Charlotte Leaders Warn Growth Projects Continue Historic Harm to Black Communities
- Zhateyah YisraEl

- 2 days ago
- 3 min read

At the Sarah Stevenson Tuesday Forum on Tuesday morning, community leaders, environmental advocates, and residents drew direct connections between Charlotte’s past urban renewal projects and present concerns surrounding proposed data centers and highway expansion in historically Black neighborhoods.
The discussion, titled “Past, Present, & Future for Black Communities,” examined how infrastructure decisions have repeatedly displaced Black residents while limiting long-term economic investment within those same communities.
For many panelists, the conversation began with memory.
Mary Johnson, president of the Dalebrook Neighborhood, recalled how Interstate 77 cut through her predominantly Black neighborhood only a few years after many families had purchased newly built homes in the early 1960s.

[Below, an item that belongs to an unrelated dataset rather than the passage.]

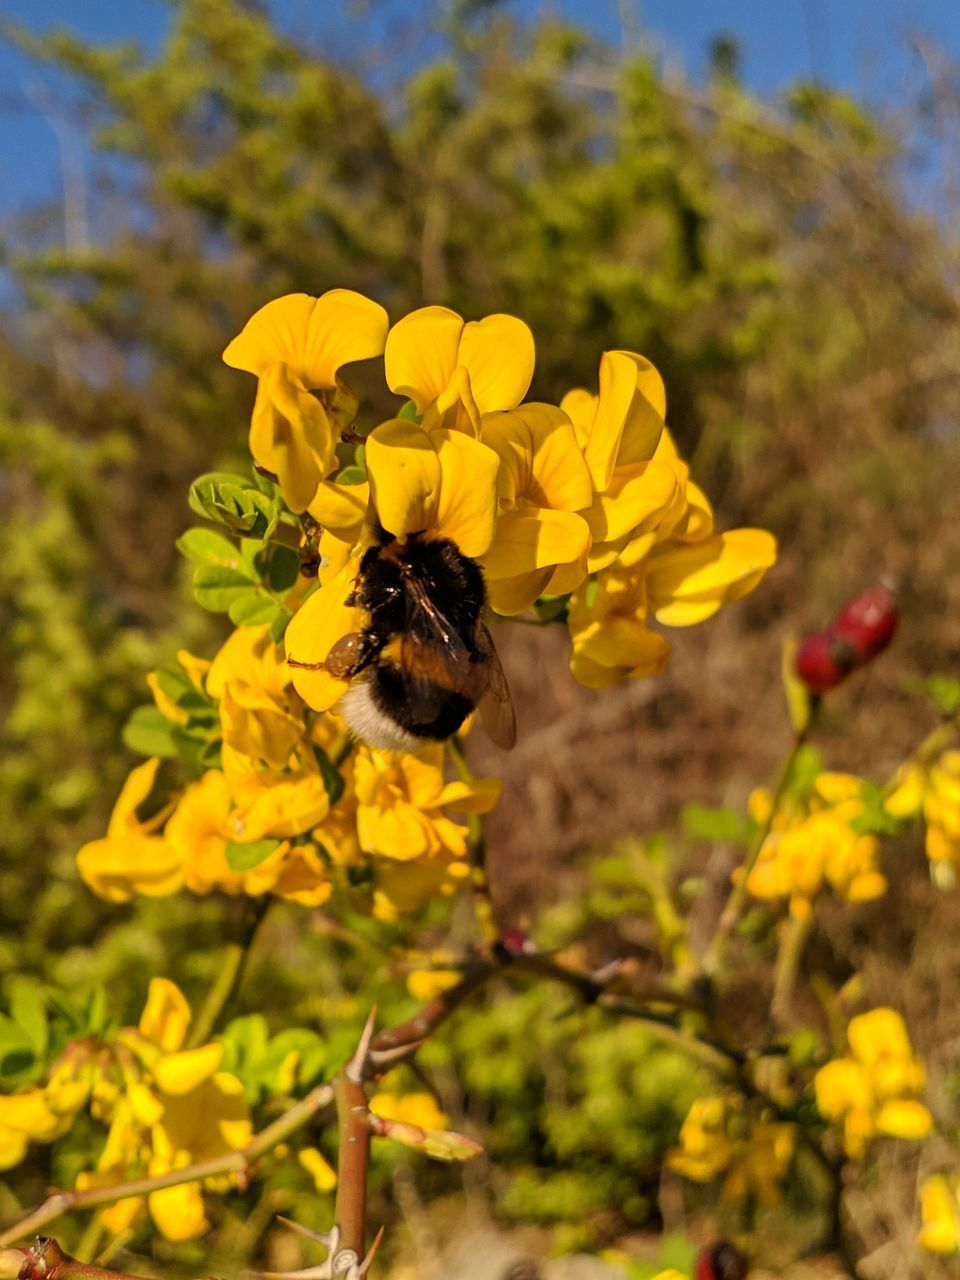 HONEY BEE POLLINATING ON YELLOW FLOWER

“These people had just moved into these brand new houses, living there for less than five years,” Johnson said, describing homes demolished to make way for the interstate.

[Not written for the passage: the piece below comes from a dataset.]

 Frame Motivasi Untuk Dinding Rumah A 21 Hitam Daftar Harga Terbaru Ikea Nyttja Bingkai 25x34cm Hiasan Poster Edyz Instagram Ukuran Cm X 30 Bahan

Some families relocated their houses, while others lost them entirely.
Johnson also recounted stories from her mother about a cemetery near Erwin Elementary School that extended into the area where I-77 now stands. According to Johnson, construction crews unearthed graves and caskets during development with little regard for the site’s historical significance or the families connected to it.
Darnell Ivory, board member of the Biddleville-Smallwood Neighborhood, shared similar experiences from McCrorey Heights, where her mother received notices from the state demanding compliance through eminent domain proceedings connected to highway expansion.
Ivory said her family ultimately relocated their home from VanBuren Avenue to Hyde Park, where it still stands today. While her mother expanded and improved the property during the move, Ivory described the process as one shaped by necessity rather than choice.
Sean Langley, president of the McCrorey Heights Neighborhood Association, said the Brookshire Freeway alone displaced approximately 240 homes in the area.
“If we are using history as our guide, we would not allow this to happen again,” Langley said.
Langley criticized ongoing interactions with the North Carolina Department of Transportation, arguing that residents were repeatedly redirected when raising concerns about highway expansion, environmental conditions, and neighborhood protections.
The conversation later shifted toward proposed hyperscale data centers planned across Charlotte, particularly on the city’s east and west sides.

Greg Asciutto, executive director of CharlotteEAST, said communities across political and socioeconomic lines are increasingly unified in opposition to large-scale data center developments due to concerns over environmental pollution, energy consumption, and neighborhood impact.
“These developments will end up in Black and brown communities,” Asciutto said, pointing to lower property costs and historical patterns of industrial placement in marginalized neighborhoods.
Rev. Dr. Janet Garner-Mullins, environmental justice fellow with Advance Carolina and secretary of the West Boulevard Coalition, described a proposed 3 million-square-foot data center project in West Charlotte as part of a larger pattern of environmental inequity.
While supporters of the project have cited potential jobs and economic development, Garner-Mullins questioned why similar projects are not proposed in Charlotte’s wealthier communities.
“Why can’t it go on Queens Road? Ballantyne? Park Road?” she asked.
Garner-Mullins characterized the trend as “environmental and technological racism,” arguing that historically marginalized communities continue to absorb the burdens of development while receiving limited long-term benefits.
Malcomb Coley, retired EY partner, closed the forum by emphasizing the need for collective strategy and accountability as Charlotte continues to grow.
“There have been many broken promises in the past, and marginalized communities suffer the most from these broken promises,” Coley said.
Coley pointed to disparities in public contracting participation, noting that Black-owned businesses reportedly completed only 2% to 3% of work connected to major infrastructure projects like the Blue Line Extension and I-77 expansion.
“The boogeyman is your past,” Coley said. “When 2-3% of the work was only done by Black-owned businesses, it should raise alarm bells.”
Throughout the forum, speakers repeatedly returned to a shared theme: growth without community accountability risks repeating the same patterns that displaced and fractured Black neighborhoods decades ago.